Apparently, this public relations propaganda is excellent at convincing the public–and this includes the union members themselves–that unions are a problem in education. This is a very important post, yet how many union members actually take the time to research and understand the impact of the reform movement on their collective bargaining rights? There is so little interest in attending union meetings in my building, it’s tragic. People are over-worked, paying more into their pensions and health benefits, and either oblivious to how this happened or certain that the union allowed it. I am tired of the apathy and misinformed attitudes within the ranks. The message is lost on so many as they put the blame on the very organization that’s working for them. Healthy skepticism is one thing, but ignorance and apathy is unacceptable.
I’m proud that the Buffalo Teachers Federation (BTF) is a strong union whose members are willing to go rogue. There has been a constant battle between the union and the district, and also between the union and King. The bad aspect of this standoff is that King tries to retaliate with hurtful tactics, but that’s his MO anyway.
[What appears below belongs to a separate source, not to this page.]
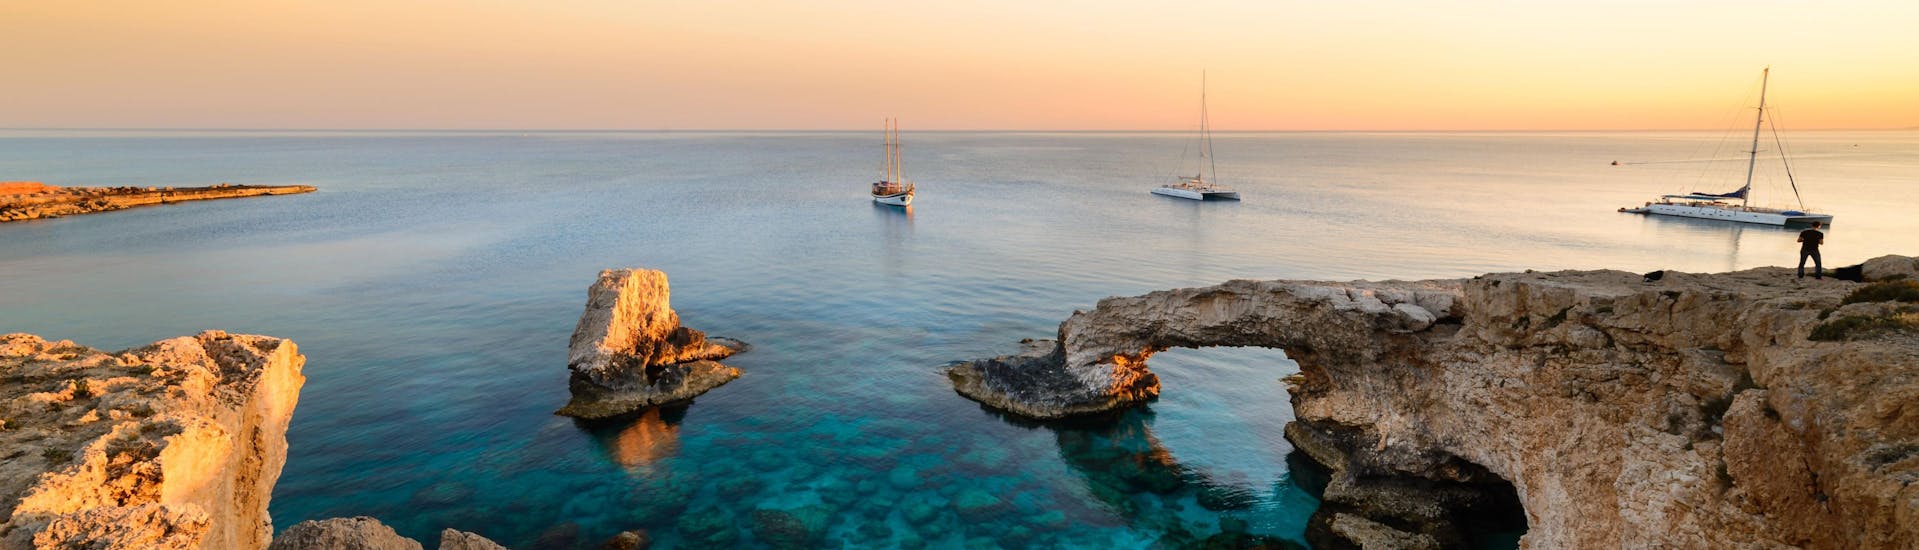 Blick auf die Blaue Lagune in der Nähe von Kap Greco, einem fantastischen Ziel für Bootstouren auf Zypern.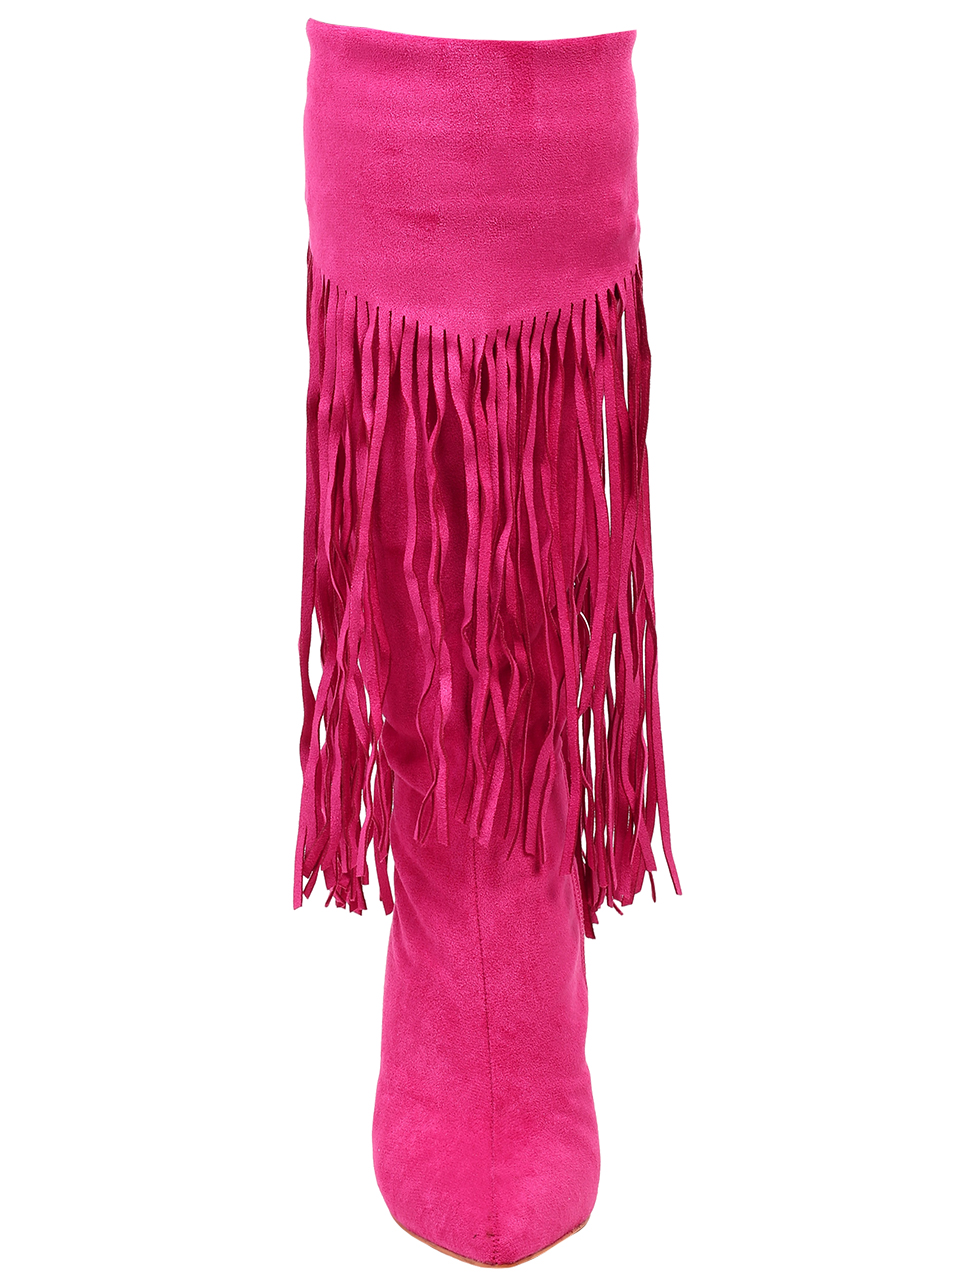 Елегантни дамски ботуши с декоративни ресни в цвят фуксия 1M-23588 fuchsia

The BTF, along with some parents, recently peacefully picketed Board of Regents member Robert Bennett’s house on Day of Action in protest to the implementation of CCSS. Although slammed by the Buffalo News for picketing a private citizen, BTF President Phil Rumore said that Bennett was fair game since he represents the Regents which supports the Common Core in NYS. There was also picketing outside the recent King forum, which Bennett attended, because attendance for the event was preselected as were the allowed questions.
Is it possible to do a funding drive in order to print our own full page age? I know a lot of teachers would donate. Can we fight fire with fire?
This is off topic and I apologize but I wondered if you-all had seen this. It’s the Texas Observer on an Ipad debacle in Texas. Follow the link in the piece to the analysis of the program. The district ended up paying a consultant to determine just how badly the tech consultants they hired ripped off the district.
Behind the whole debacle is….a Broad-trained “reform” superintendent! He’s down the road with a generous buy-out, but the mess he left lives on!
It’s pretty amazing:
http://www.texasobserver.org/run-school-ipad-program/
California isn’t the only state that is using school infrastructure bonds to finance IPads.
Chaira, this reminds me of the adage – “The difference between a man and a boy is the price of his toys”. Here was a new toy that superintendent had to have. What happened to a sample group to develop the program? And, of course, the kids were going to break through the firewall. That was a given. Finally, there are plastic protectors which will keep the iPads from breaking – they cost about fifty dollars, but they are a cheap insurance policy compared to the replacement cost. My three year old grandson has one on his tablet and I want one for mine. Idiots – they jump first, ask questions later.